规范化/规范化 URL? [英] Canonicalize / normalize a URL?
问题描述
我正在寻找一个库函数来规范 Python 中的 URL,即删除路径中的./"或../"部分,或添加默认端口或转义特殊字符等.结果应该是一个字符串,该字符串对于指向同一网页的两个 URL 来说是唯一的.例如 http://google.com
和 http://google.com:80/a/../
应返回相同的结果.
I am searching for a library function to normalize a URL in Python, that is to remove "./" or "../" parts in the path, or add a default port or escape special characters and so on. The result should be a string that is unique for two URLs pointing to the same web page. For example http://google.com
and http://google.com:80/a/../
shall return the same result.
我更喜欢 Python 3 并且已经浏览了 urllib
模块.它提供了拆分 URL 的功能,但没有将它们规范化.Java 有 URI.normalize()
函数可以做类似的事情(虽然它不认为默认端口 80 等于没有给定的端口),但是有没有类似 python 的东西?
I would prefer Python 3 and already looked through the urllib
module.

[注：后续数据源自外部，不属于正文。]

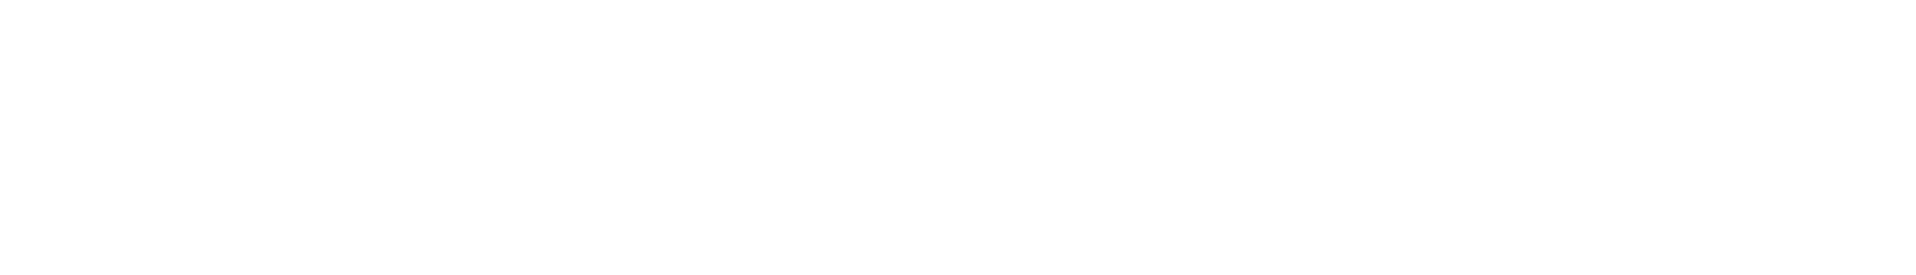 Heisenberg Robotics logo

It offers functions to split URLs but nothing to canonicalize them. Java has the URI.normalize()
function that does a similar thing (though it does not consider the default port 80 equal to no given port), but is there something like this is python?
推荐答案
遵循良好的开端,我编写了一个方法适合网络中常见的大多数情况.
Following the good start, I composed a method that fits most of the cases commonly found in the web.

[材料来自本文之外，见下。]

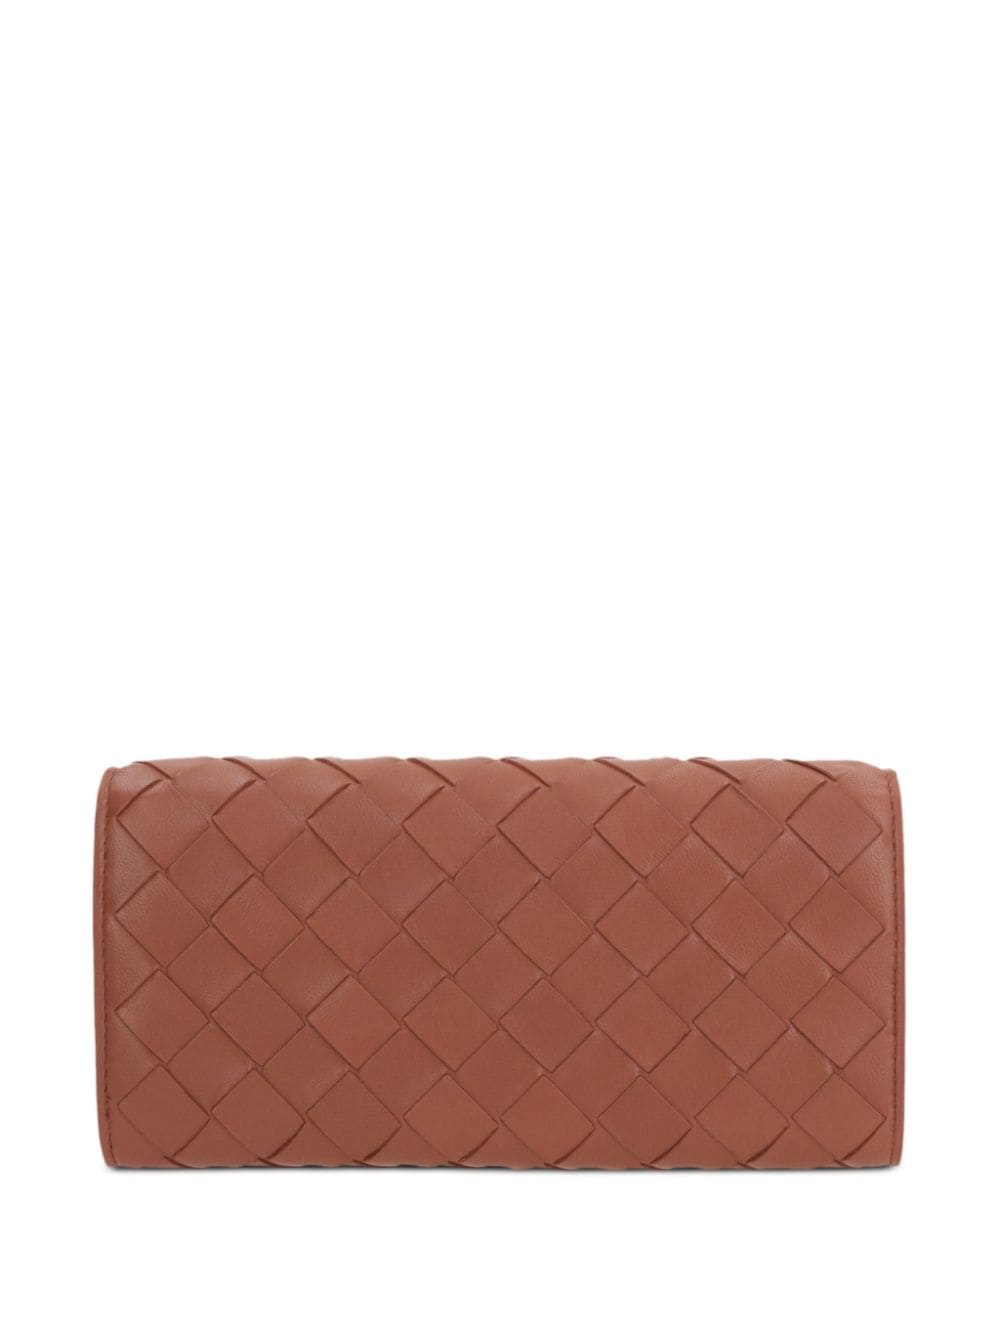 Bottega Veneta Continental Intrecciato leather wallet - Goud

def urlnorm(base, link=''):
'''Normalizes an URL or a link relative to a base url. URLs that point to the same resource will return the same string.'''
new = urlparse(urljoin(base, url).lower())
return urlunsplit((
new.scheme,
(new.port == None) and (new.hostname + ":80") or new.netloc,
new.path,
new.query,
''))
这篇关于规范化/规范化 URL?的文章就介绍到这了,希望我们推荐的答案对大家有所帮助,也希望大家多多支持IT屋!